Whats the proper way to push all data to GPU and then take small batches during training?

I’m working with the MNIST dataset where the memory of my GPU can accommodate the entire dataset.
Naturally, I’d like to push everything to GPU before starting to train my model to make things faster. However, even though I want everything in GPU, I’d like to take small batches of data to ensure good generalization. What’s the nicest way of doing so? As of now, what I do is this:

apply_transform = transforms.Compose([transforms.ToTensor(), transforms.Normalize((0.1307,), (0.3081,))])
 train_dataset = datasets.MNIST(data_dir, train=True, download=True, transform=apply_transform)
self.train_loader = DataLoader(data.DatasetSplit(train_dataset, data_idxs), 
                                             batch_size=60000, shuffle=True)
# load the entire data to GPU and get it in a different  with desired batch size
 _, (images, labels) = next(enumerate(self.train_loader))
images, labels = images.to(args.device), labels.to(args.device)
self.train_loader = DataLoader(torch.utils.data.TensorDataset(images, labels), batch_size=args.local_bs, shuffle = True)

So briefly, first I wrap the dataset with a loader where the batch size is the size of the entire dataset. I then fetch tensors from this loader and then push them to the GPU. Finally, I create a tensor dataset with tensors I have and wrap the tensor dataset with another loader where the batch size is my desired size.
Is there a nicer way of doing this?

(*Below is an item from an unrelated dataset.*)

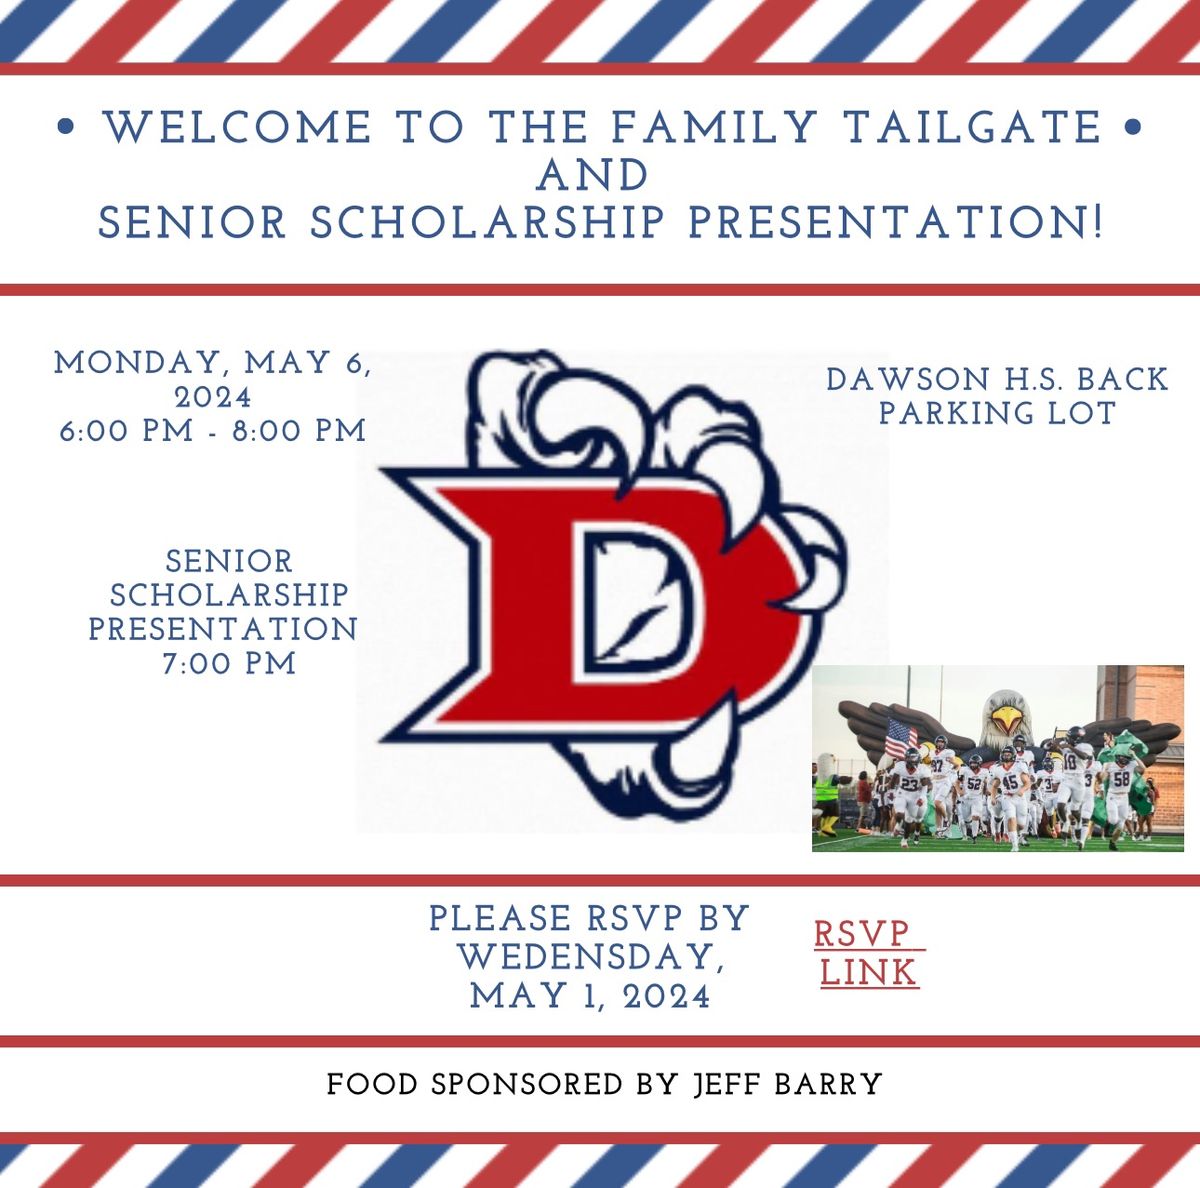 Welcome to the Family Tailgate & Senior Scholarship Presentstion

Preferably, without meddling with data loaders at all, as profiling my code shows data loaders are the bottleneck (could be because I use them in a wrong way).

For MNIST, the dataset already stores everything in Tensors, so you can grab the ds.data and ds.targets Tensors from the torchvision MNIST dataset directly and stick them into your TensorDataset.

Best regards


1 Like